The right to be negligent
This latest bulletfest, following recent judicial and legislative follies, bolsters "enlightened" Washington's rising status as a gun-crazy state. In March, the Legislature failed again to pass the Whitney Graves bill, requiring safe gun storage—despite backing from the sheriffs and police chiefs and gun-rights powerbroker Alan Gottlieb. And the state Court of Appeals upheld the dismissal of Thomas McGrane's lawsuit against Roger Cline. In 1992, Roger Cline of Falls City left his 16-year-old daughter home alone with one of his 20 guns, a high-powered .44, unlocked in the bedroom. A guest of hers took it and, six weeks later, used it to rob an Iowa diner and kill two people. One was McGrane's daughter.
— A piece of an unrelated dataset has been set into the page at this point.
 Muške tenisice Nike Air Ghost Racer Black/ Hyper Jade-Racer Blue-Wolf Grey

McGrane's lawyers argue that owners of guns have a common-law duty to secure them against theft and misuse. That's just what the supreme courts of Montana and Kansas, plus appeals courts in Florida, Ohio, New Jersey, California, Georgia, and Louisiana—rabid liberal hotbeds, all of them—have found. It's what some previous Washington precedents seem to suggest. And it's what this state's Supremes can now decide, as McGrane's appeal bounces up to them. Though it's been little reported hereabouts (Iowa murders don't play big on Seattle TV), McGrane's lawyer, Mike Withey, predicts the case could set "a pretty significant precedent."
And might the Davis shootout give new legs to the Whitney Graves bill? Or will we have to wait for a full-scale massacre?
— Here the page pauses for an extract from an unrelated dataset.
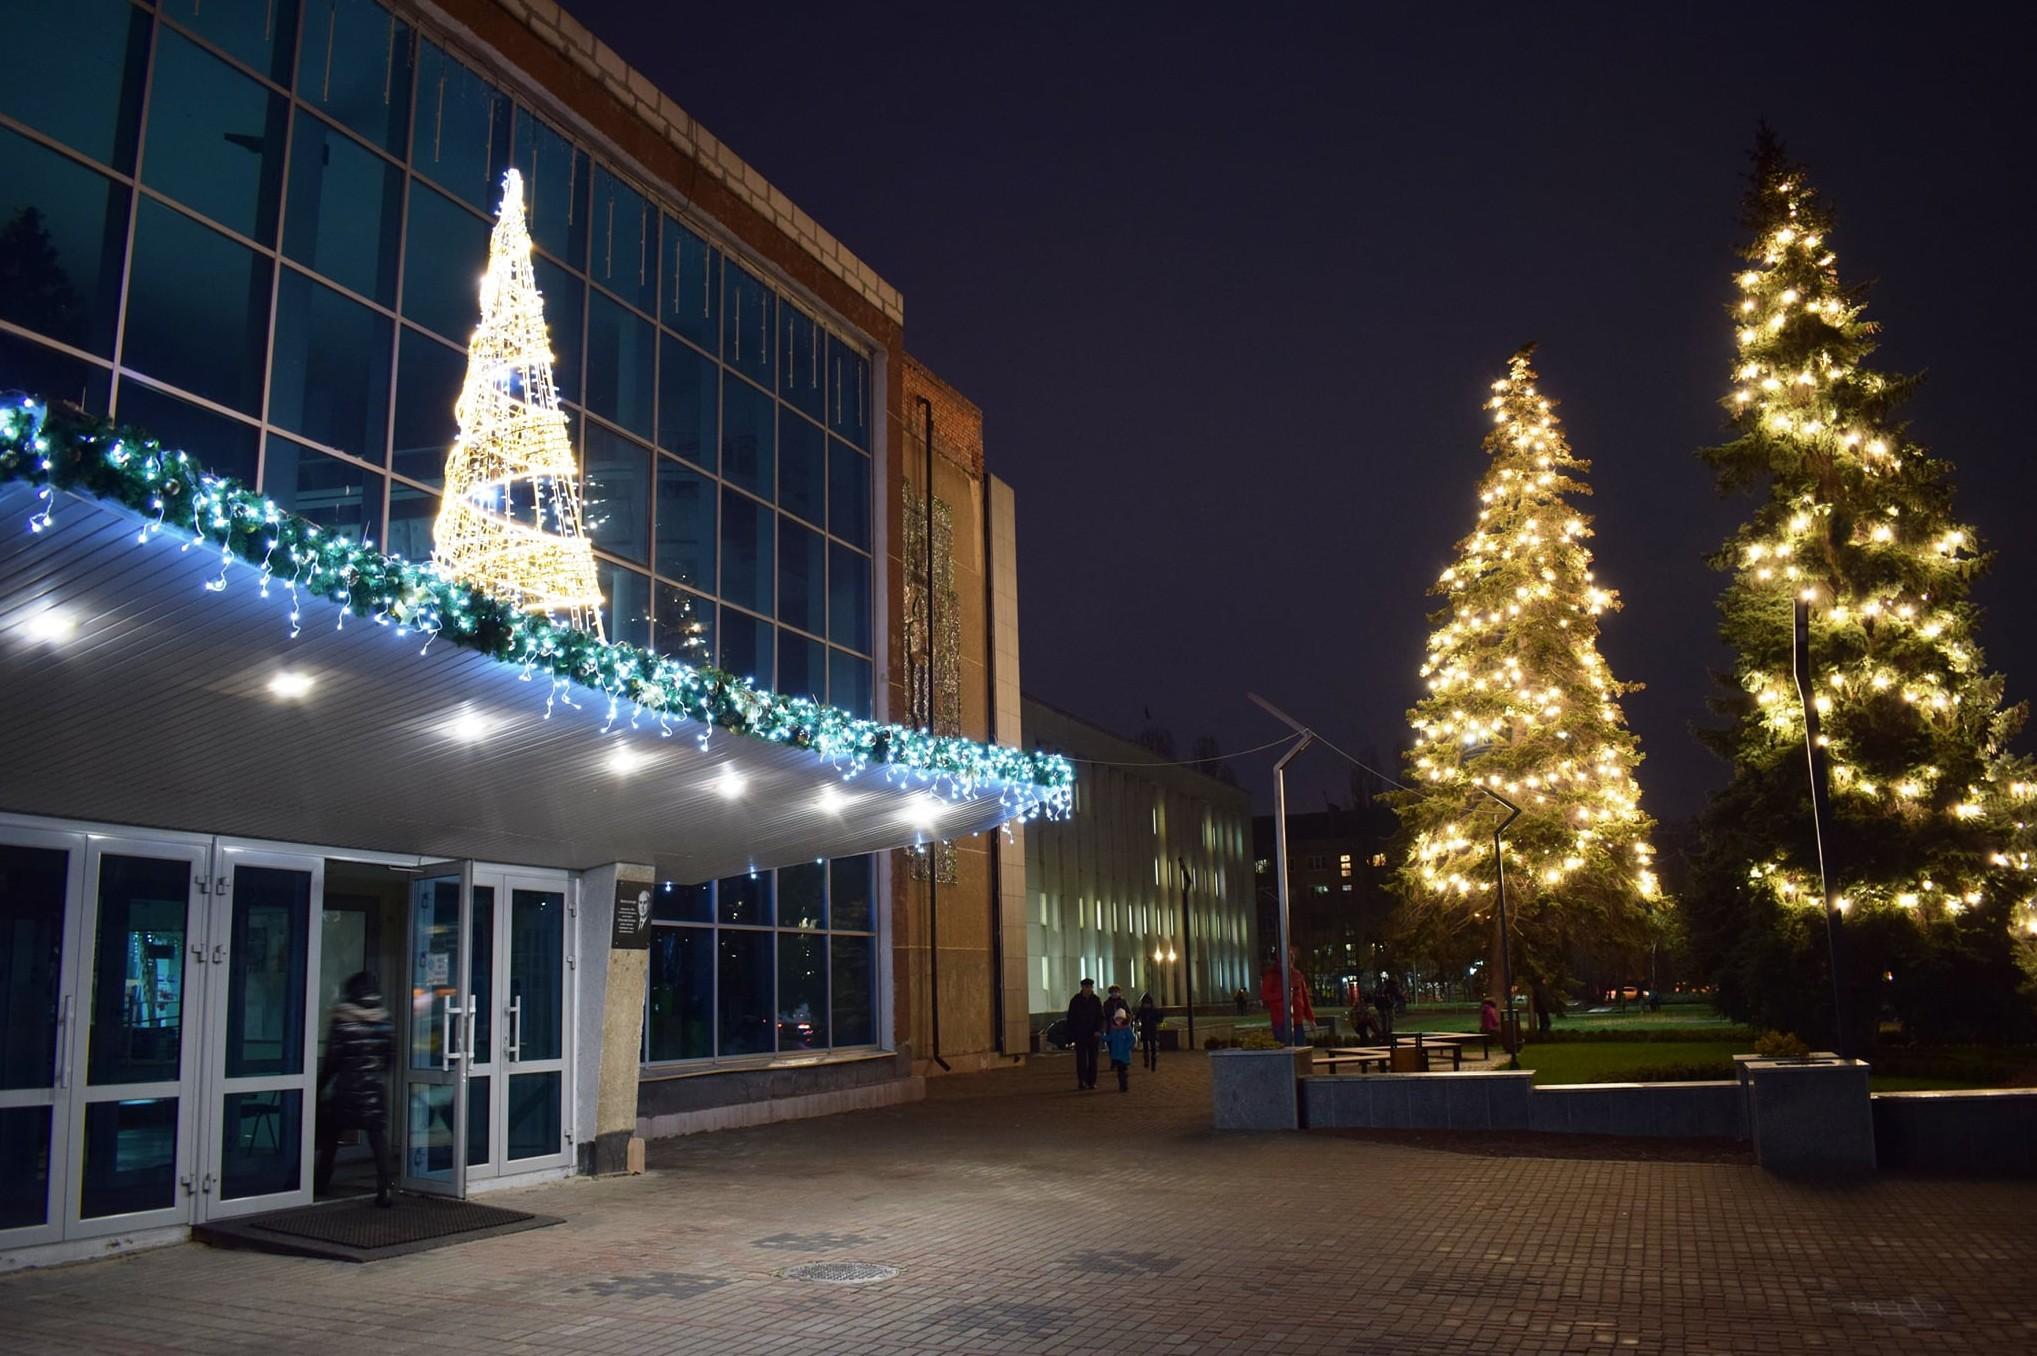 У Чернігові прикрасили Міський палац культури до Нового року (Фотофакт)

How the ministerial set relaxes
So what are 135 trade ministers really coming here to do when the World Trade Organization holds its global confab in November? The Wall Street Journal/Northwest (5/19) had Michael Mullen, director of the Asia Pacific Economic Cooperation center, complaining about this state's lack of a "cabinet-level trade director" to properly receive and schmooze these poohbahs. "These are senior-level people with a lot of free time," Mullen told the Journal. "If the state had a cabinet-level trade director who was focused on this and could say, 'Here are the people we need to get together,' and do it, there are tremendous opportunities for bringing foreign investment into the state."
Maybe that's what Journal readers want to hear. But when he was rebutting charges that the WTO hosts were "selling access" to the foreign officials, Mullen told the Weekly (4/23) just the opposite: "The [foreign] government people are going to be so tied up in negotiations that we don't even think they're going to have much time for any kind of meetings with the private sector."
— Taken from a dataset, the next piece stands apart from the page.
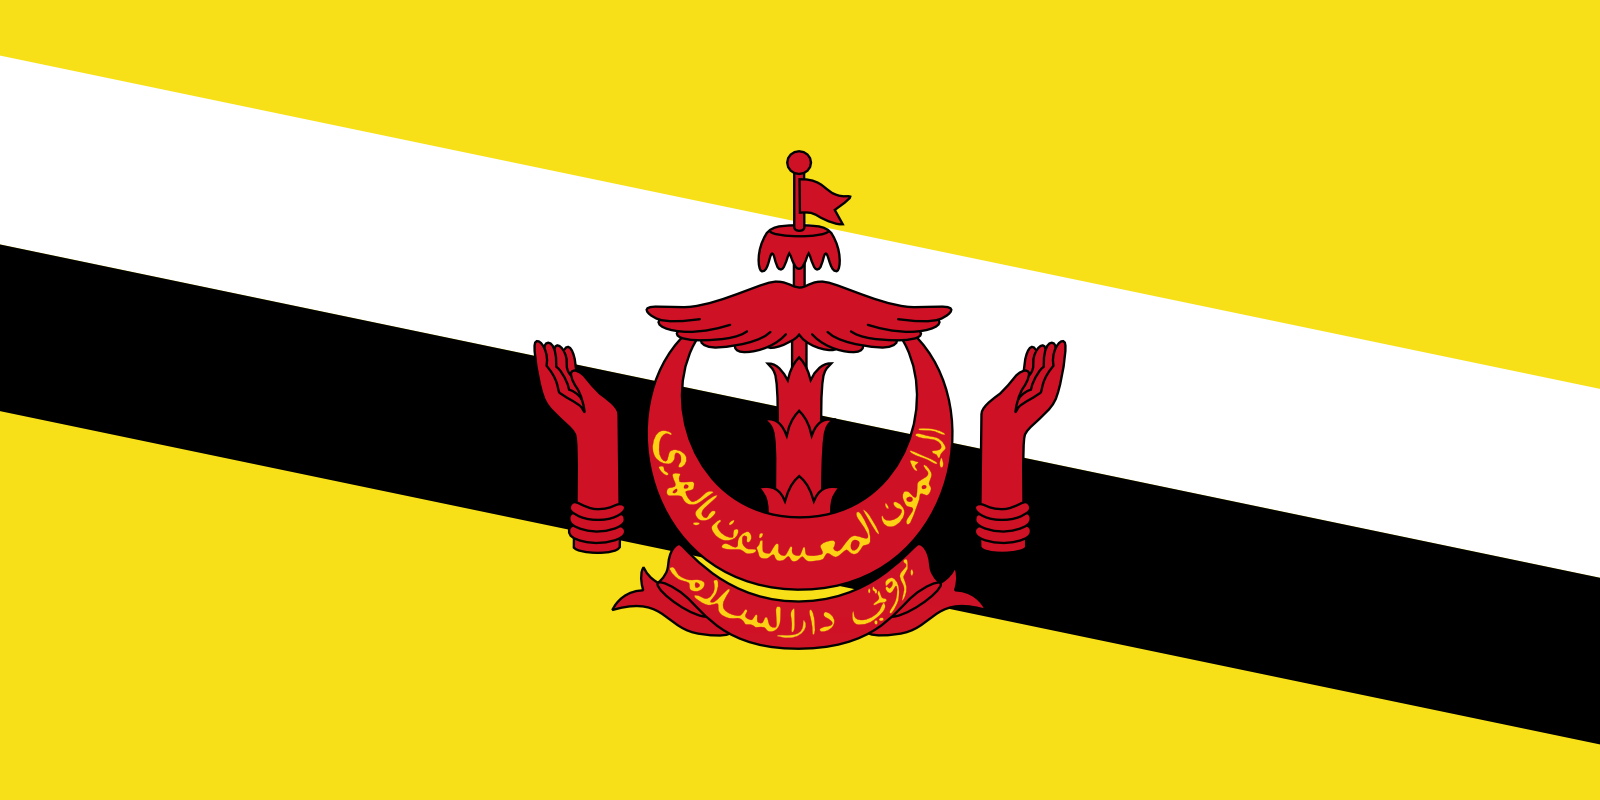 Banderas HD de todos los paises | Banderas, Del sur y Banderin

The World Wildlife Fund and Marine Conservation Biology Institute release what institute director Elliott Norse calls "the most comprehensive look that anyone's undertaken at the effects of climate change on marine ecosystems." Warmer waters mean less nutrient-rich upwelling means less phytoplankton . . . on up the food chain to crashing salmon populations. A postscript from Norse: That, not the widely bruited "overpopulation" of gray whales, may be what's making so many emaciated whales wash up on our shores.
A postscript to the flap, reported two weeks ago, over the Seattle International Film Festival's taking on Blockbuster as a sponsor to the exclusion of classier local video stores. The intemperate flyer headlined "Boycott SIFF?" was not the one handed out on opening night by picketers from the Seattle's Best Video Stores group; rather, it was distributed inhouse by Island Video, the SBVS store most aggrieved at the festival's bedding down with Blockbuster. That aggravation is piqued by what Island owner Tom Hastings sees as lack of appreciation for the SBVS stores' past contributions to SIFF; though they didn't contribute last year, they sponsored a screening and were major program advertisers in 1997.